Manufacturer \ Failure Type Overheating Disk Error Memory Error
Manufacturer X 20 10 15
Manufacturer Y 30 50 25

Check at the significance level \(\alpha=0.05\) whether the type of failure depends on the manufacturer.

Task 4

We are testing the performance of 3 different frameworks (X, Y, Z). Since the data are strongly asymmetric, instead of classical analysis of variance (ANOVA), we use the non-parametric Kruskal-Wallis test.

Performance benchmark results (points):

Framework X Framework Y Framework Z
45 52 68
48 55 70
42 58 75
50 60 72
46 54 78
(Sample sizes: \(n_x=5, n_y=5, n_z=5\).)

For the ranking data from the table, verify the hypothesis that all frameworks have the same median performance.

Task 5

We have two datasets on network traffic (before and after firewall implementation). We want to check if the entire distribution (not just the mean) has changed.

Packet delay measurements (in ms):

Before implementation (\(n=10\)):

\[12, 15, 18, 14, 13, 16, 12, 19, 15, 17\]

(Ordered data: 12, 12, 13, 14, 15, 15, 16, 17, 18, 19)

After implementation (\(m=10\)):

\[18, 22, 20, 19, 21, 25, 23, 20, 24, 28\]

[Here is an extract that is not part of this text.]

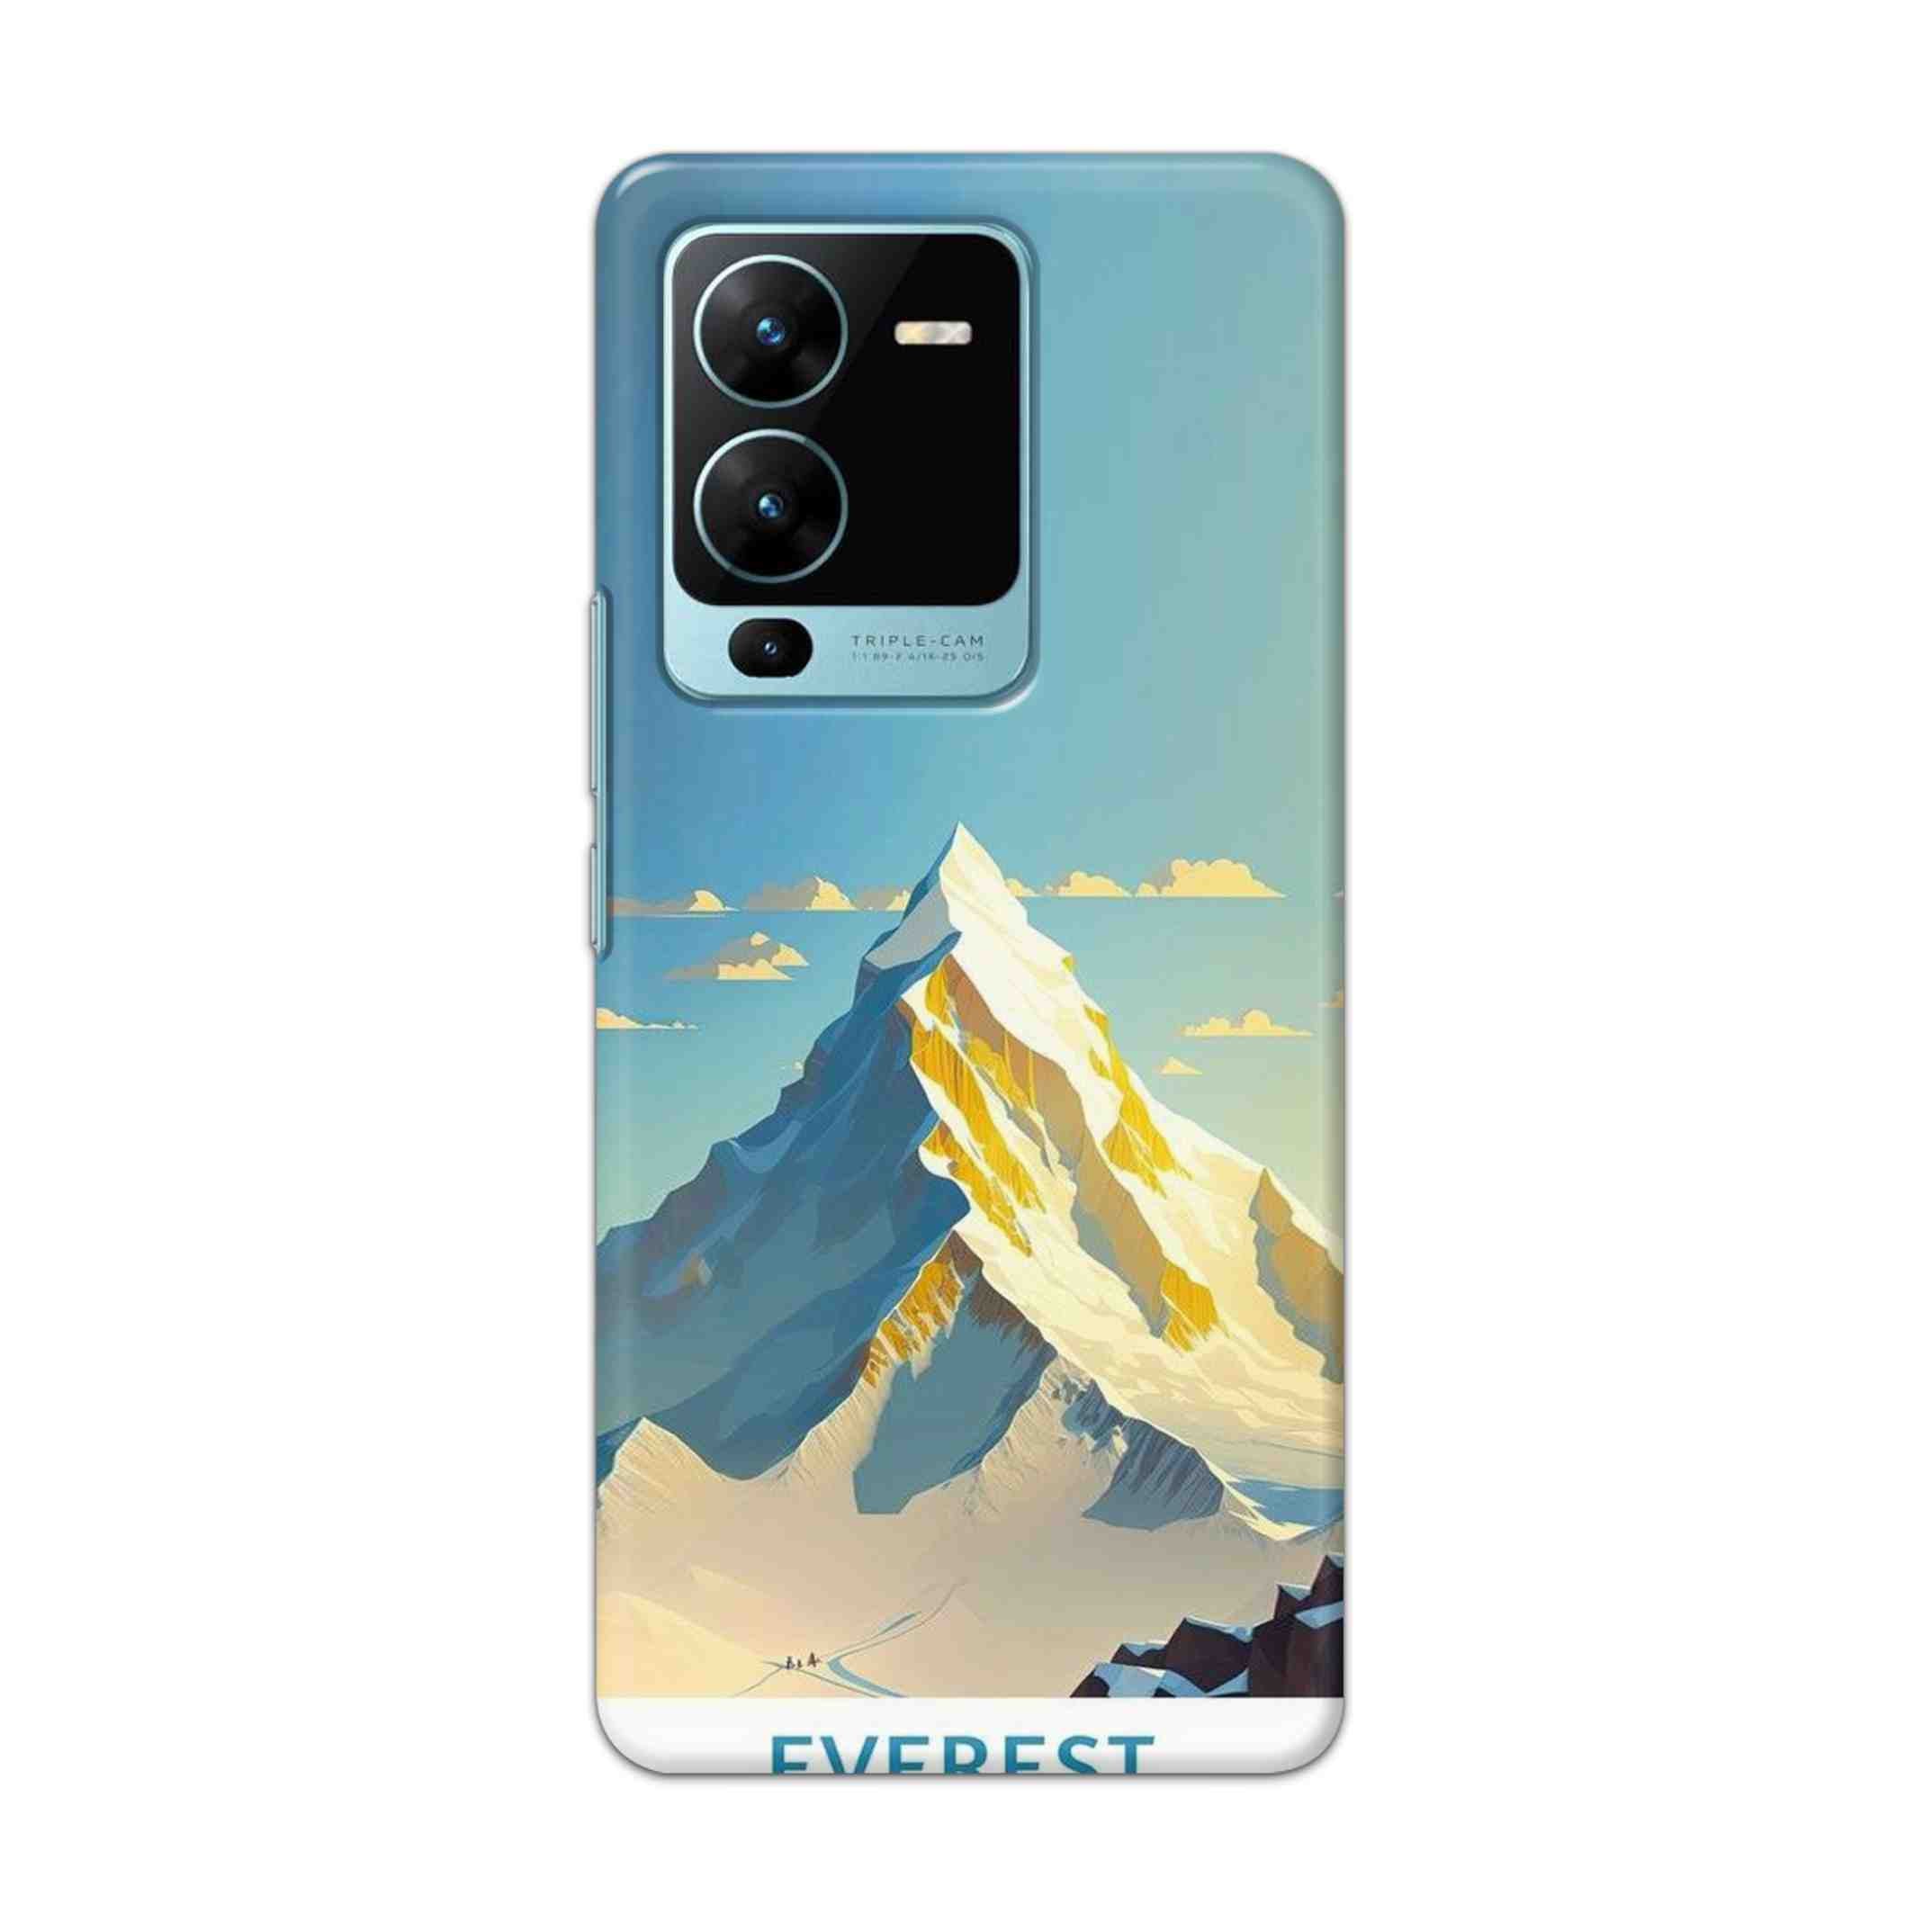 Buy Everest Hard Back Mobile Phone Case Cover For Vivo V25 Pro Online

(Ordered data: 18, 19, 20, 20, 21, 22, 23, 24, 25, 28)

Based on the empirical distribution functions of both samples, calculate the \(D_{n,m}\) statistic and verify the hypothesis of identical distributions (Kolmogorov-Smirnov test). Verify the hypothesis at significance level ( \alpha = 0.05 ).

Task 6

We investigate code compilation time (\(Y\)) depending on the number of files (\(X_1\)) and the number of lines of code in a file (\(X_2\)).

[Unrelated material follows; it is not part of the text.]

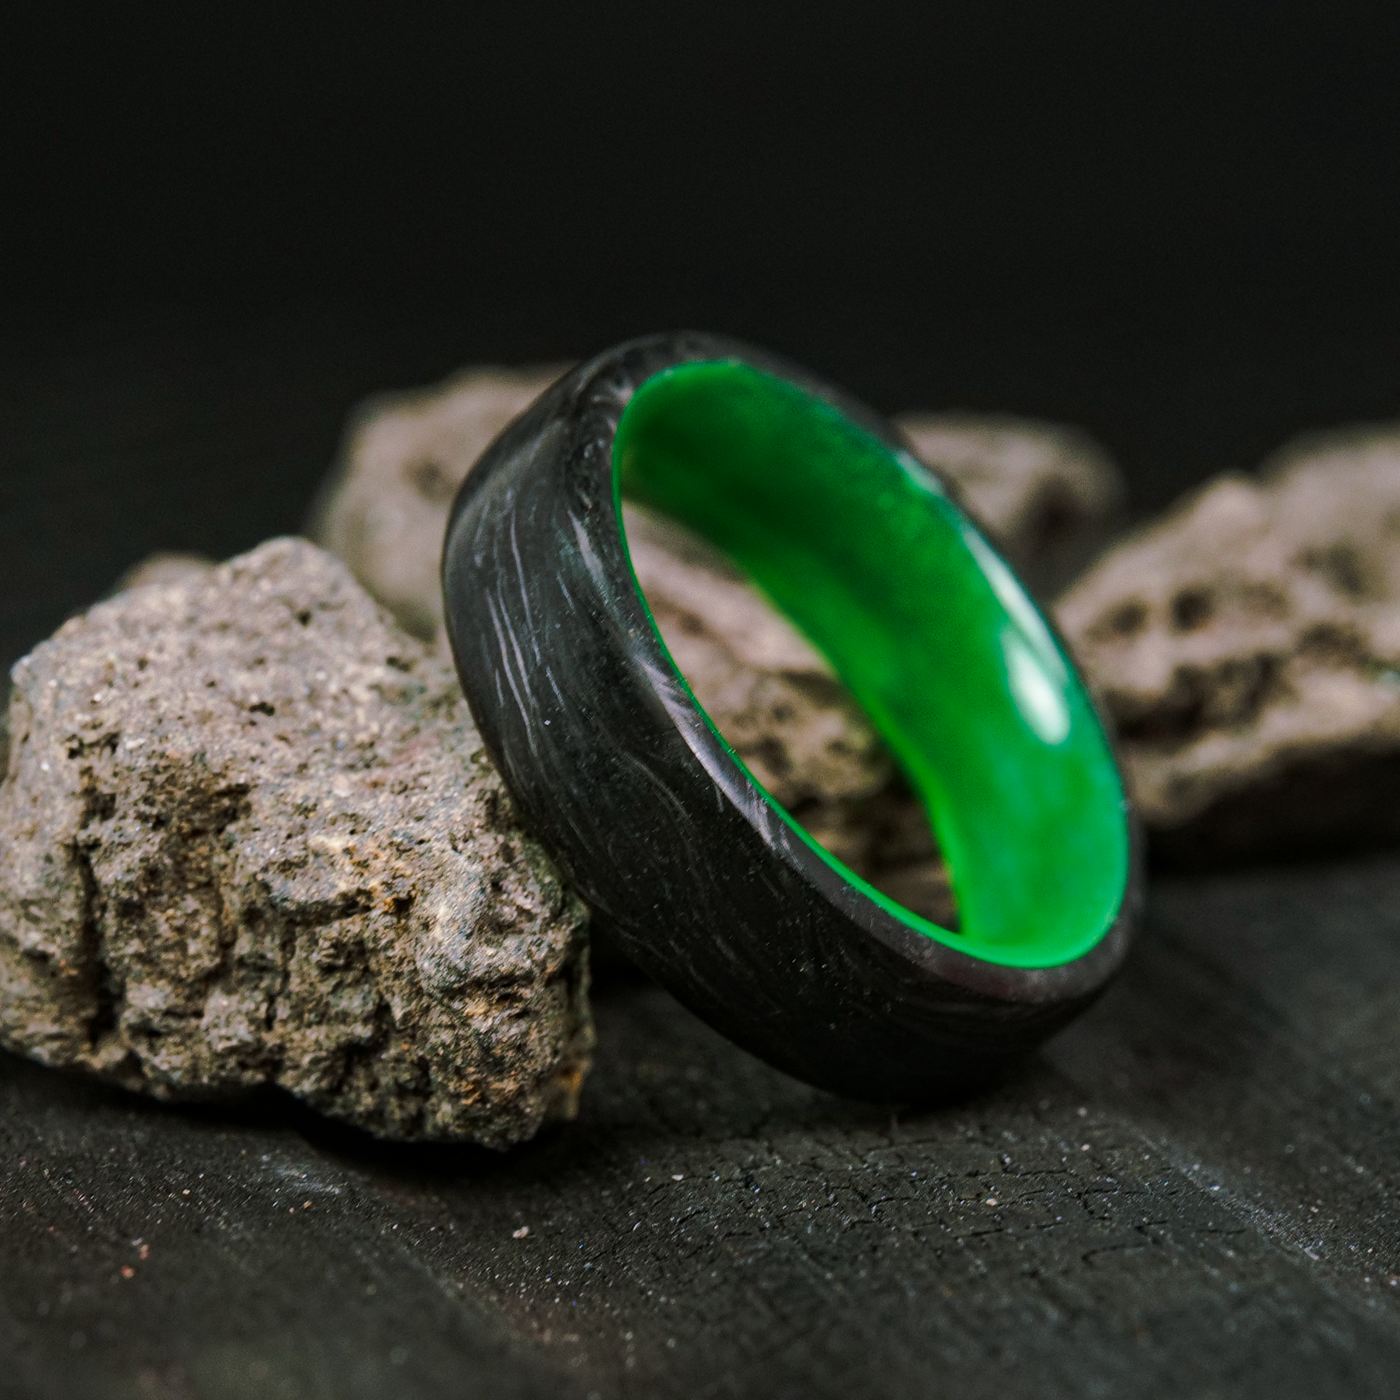 Green Glow Burl Carbon Fiber Ring with Glowing Resin Liner - Patrick Adair Designs

Data from 8 software projects:

Project Number of files (\(x_1\)) Thousands of LOC (\(x_2\)) Compilation time in sec. (\(y\))
1 2 5 12
2 4 10 25
3 3 8 19
4 6 15 40
5 8 20 55
6 2 4 10
7 5 12 32
8 7 18 48

For the given data, determine the equation of the regression plane:

\[ y = a x_1 + b x_2 + c \]

Task 7

The number of transistors in processors grows exponentially: \(y = a \cdot e^{bx}\). Having historical data, reduce this problem to linear regression by taking logarithms (\(\ln y = \ln a + bx\)) and determine the growth parameters.

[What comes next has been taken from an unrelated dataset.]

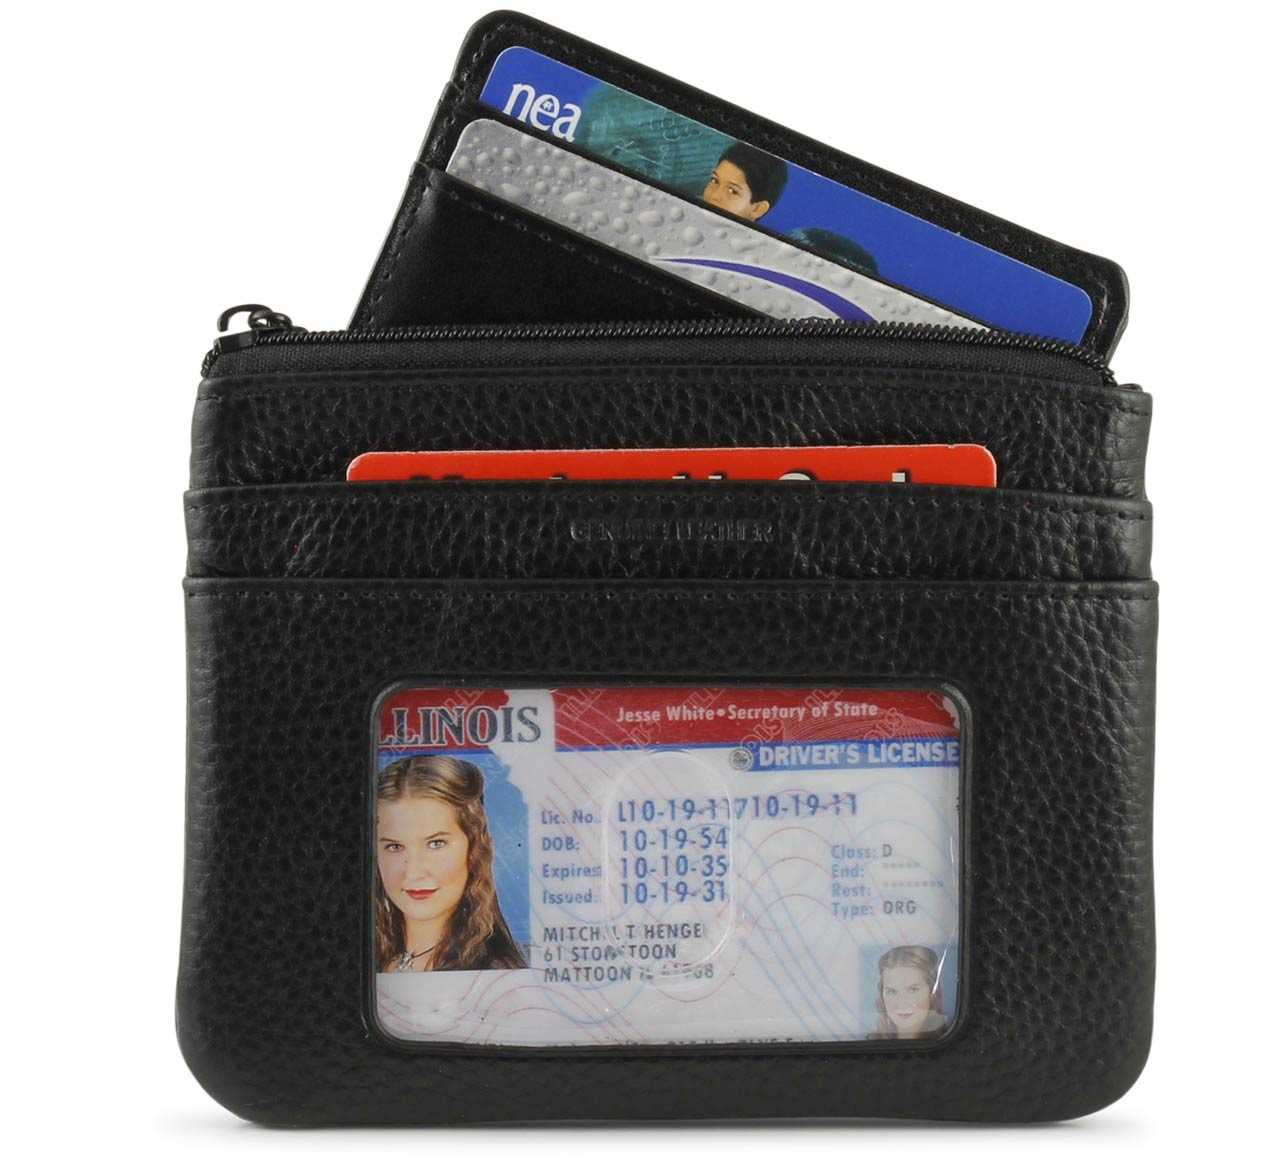 Women RFID Blocking Leather Accordion Wallet Credit Card

Historical data of processor development (simplified):

Year (\(t\)) Time variable \(x = t - 1970\) Transistor count (\(y\))
1970 0 2 000
1975 5 8 000
1980 10 30 000
1985 15 120 000
1990 20 500 000

Task 8

Processor production generates a certain percentage of defects. Instead of taking a fixed sample of 100 units, we take units one by one. After each extraction, we decide: "good batch", "bad batch", or "continue sampling".

Construct a sequential test (Wald test) to verify the hypothesis \(p=0.01\) against \(p=0.10\). Assume Type I error risk \(\alpha = 0.05\) and Type II error risk \(\beta = 0.10\).

Task 9

For a simple sample \(x_1, ..., x_n\) from an exponential distribution (failure-free operation time) with density \(f(x) = \frac{1}{\lambda} \exp\left(-\frac{x}{\lambda}\right)\), where \(\lambda\) is the expected value, determine the estimator of the parameter \(\lambda\) using the maximum likelihood method (MLE).

Task 10

We have 3 servers. We want to check if they operate equally stably (if they have the same variance of response times) before comparing their average times. The sample data is as follows: * Server 1 (\(s_1^2 = 1.4\)): \(n_1 = 20\) * Server 2 (\(s_2^2 = 1.8\)): \(n_2 = 20\) * Server 3 (\(s_3^2 = 1.2\)): \(n_3 = 20\)

Verify the hypothesis \(H_0: \sigma_1^2 = \sigma_2^2 = \sigma_3^2\) at \(\alpha=0.05\) (e.g., using Bartlett's test).